Task goal: Copying exactly, give the lines in the material below from the one with "6 H & R Gray Lorries outside the warehouse" to the one with "Lewis Hamilton sports", ends included, and nothing besides.

Dataset entries:
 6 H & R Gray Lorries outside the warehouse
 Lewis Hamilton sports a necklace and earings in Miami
==
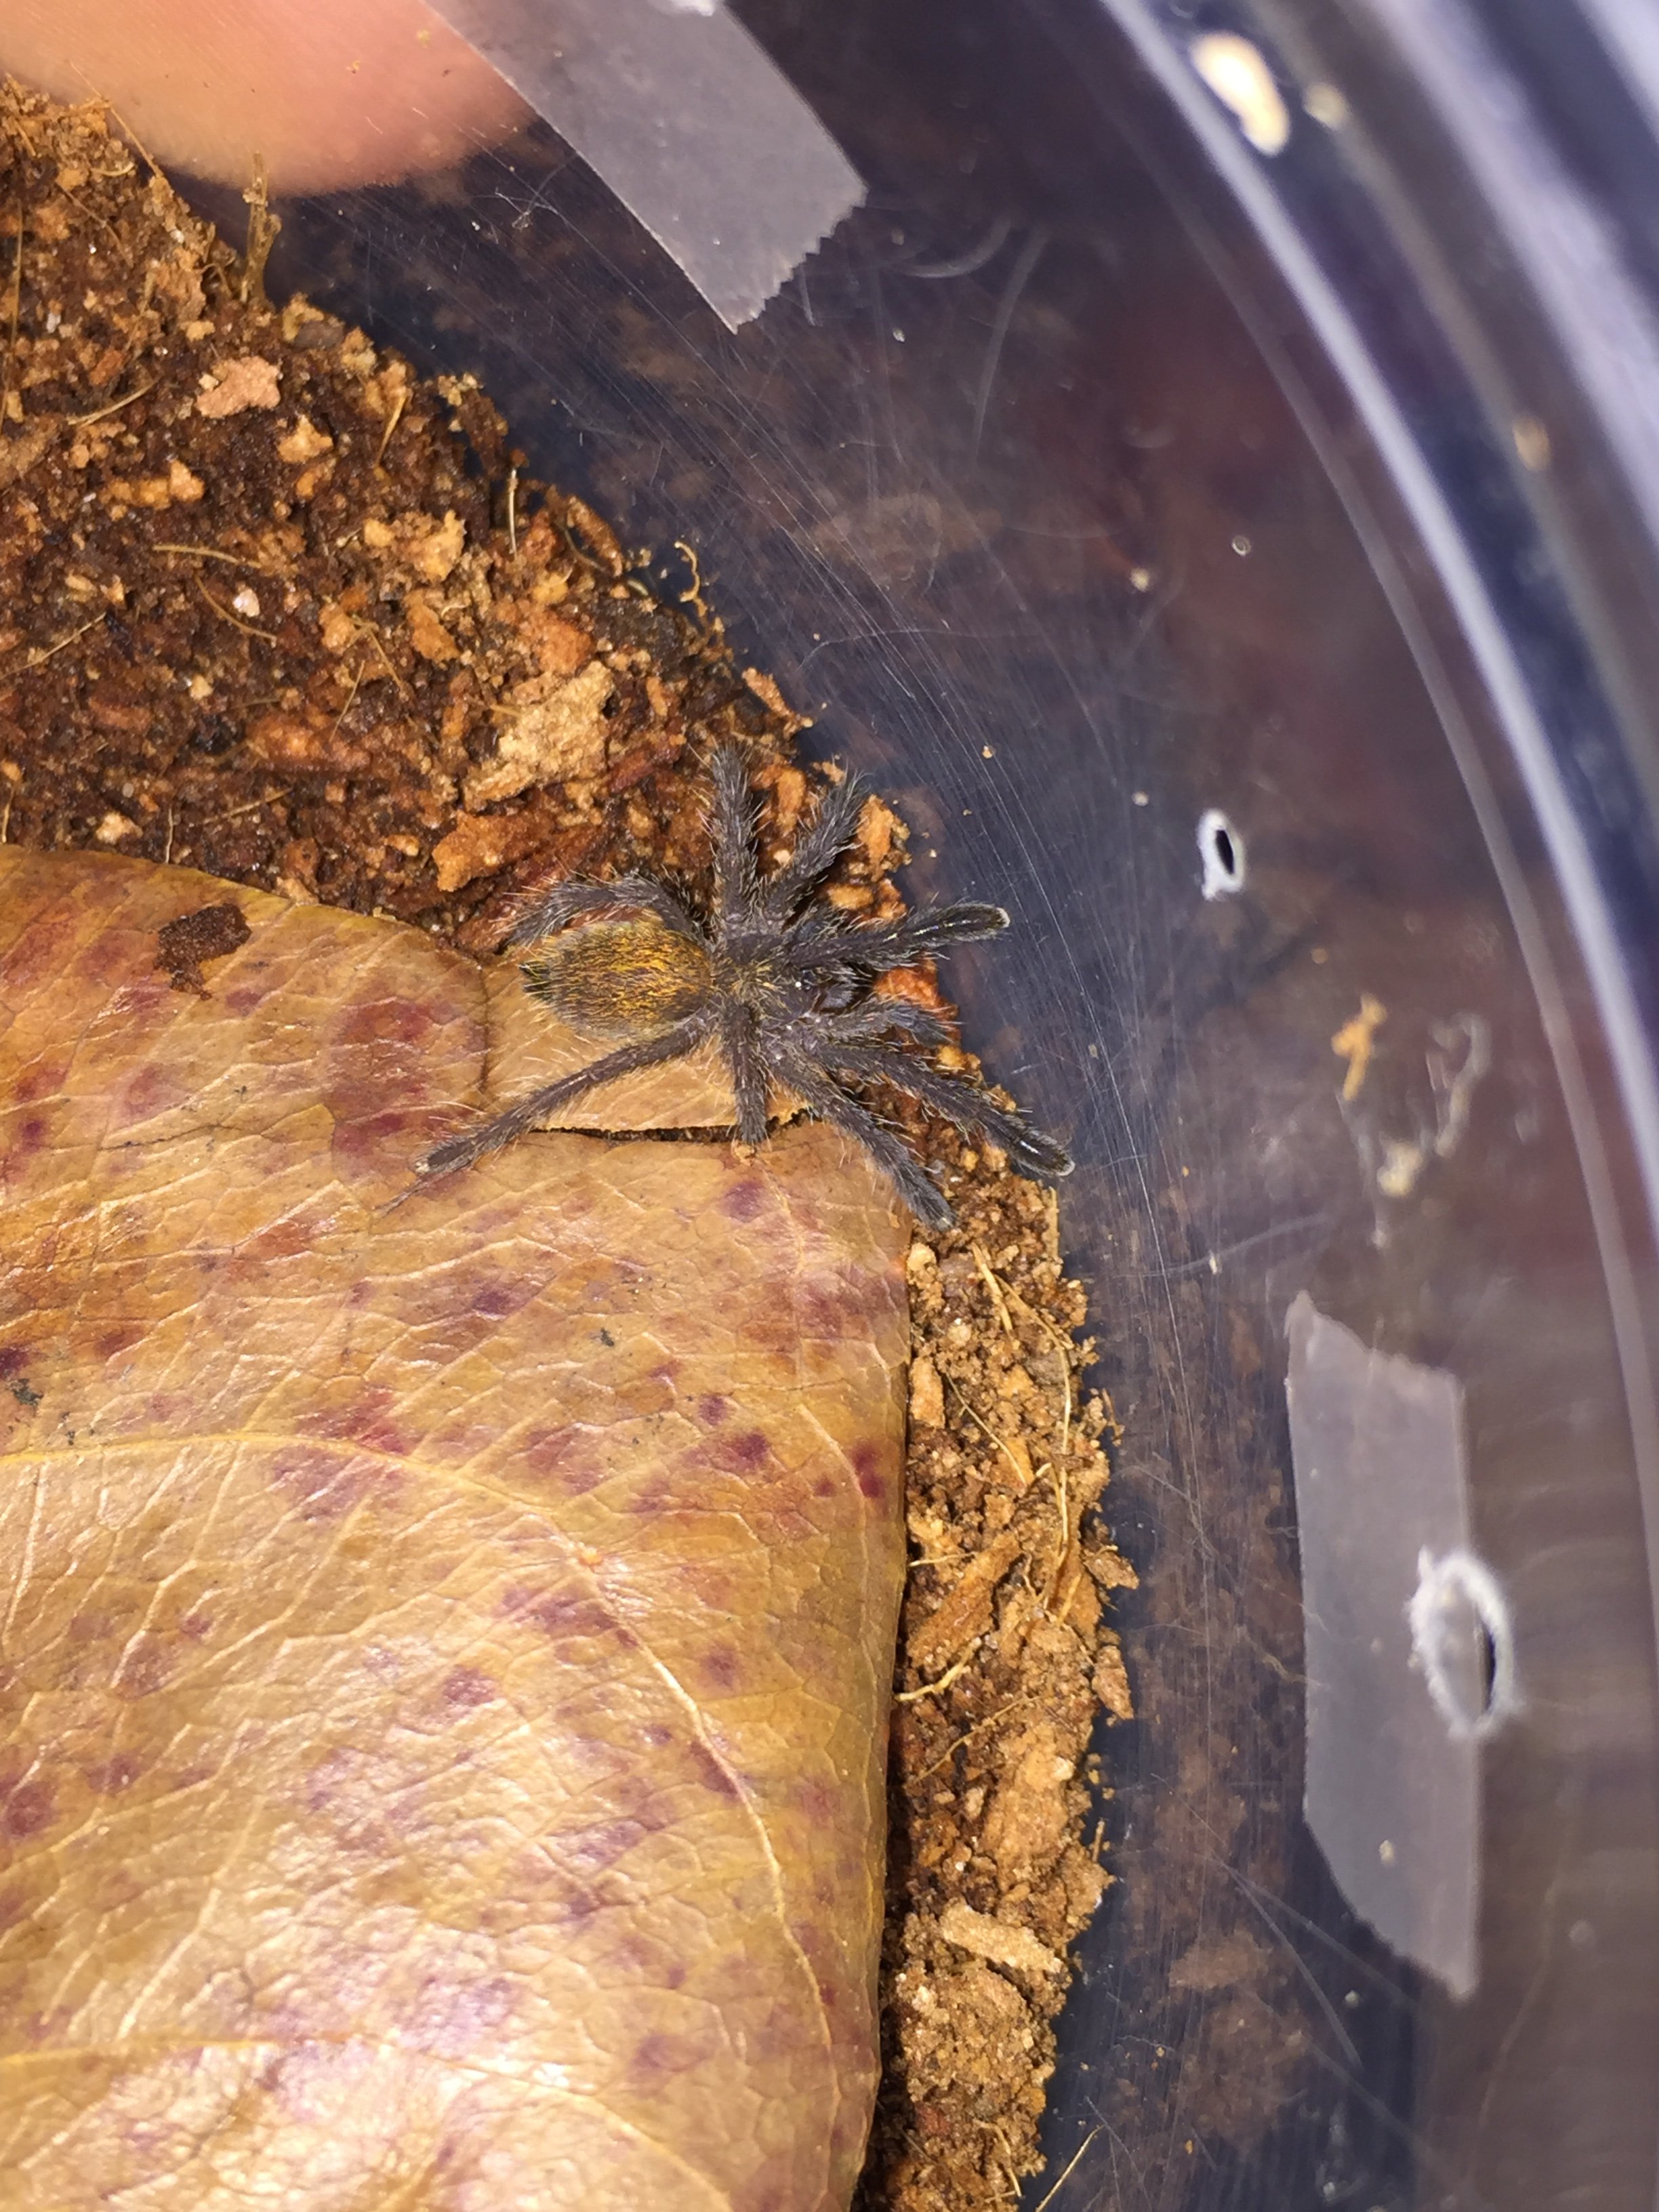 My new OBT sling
==
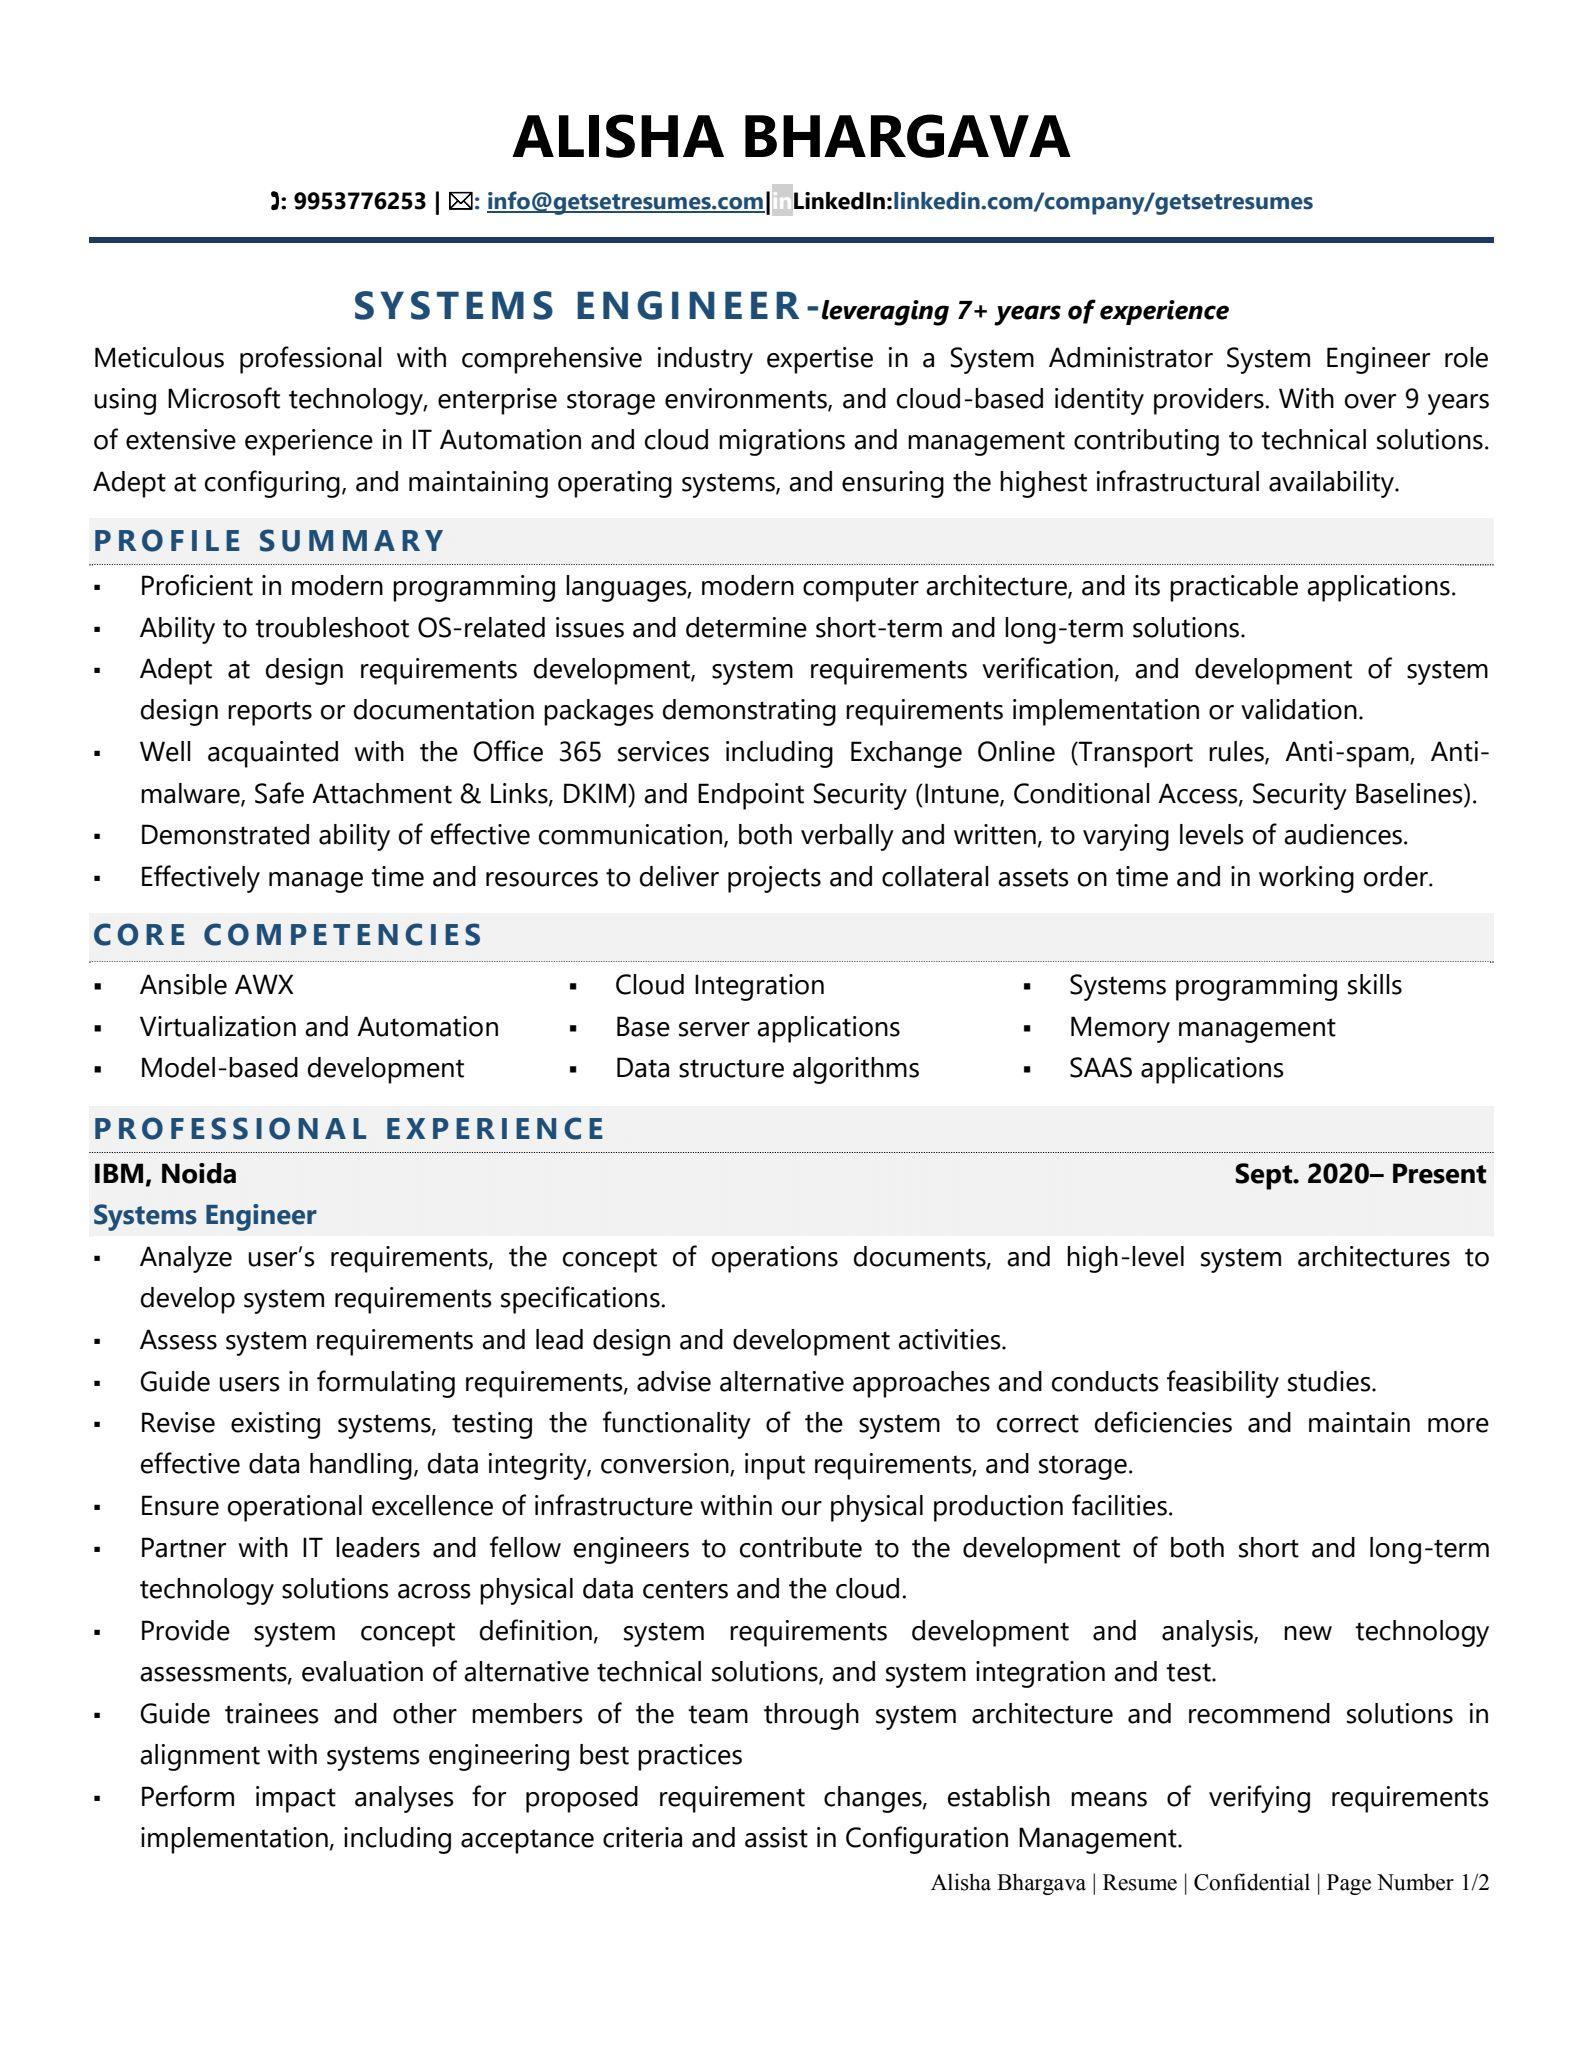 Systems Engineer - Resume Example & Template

The completed task:
 6 H & R Gray Lorries outside the warehouse
 Lewis Hamilton sports a necklace and earings in Miami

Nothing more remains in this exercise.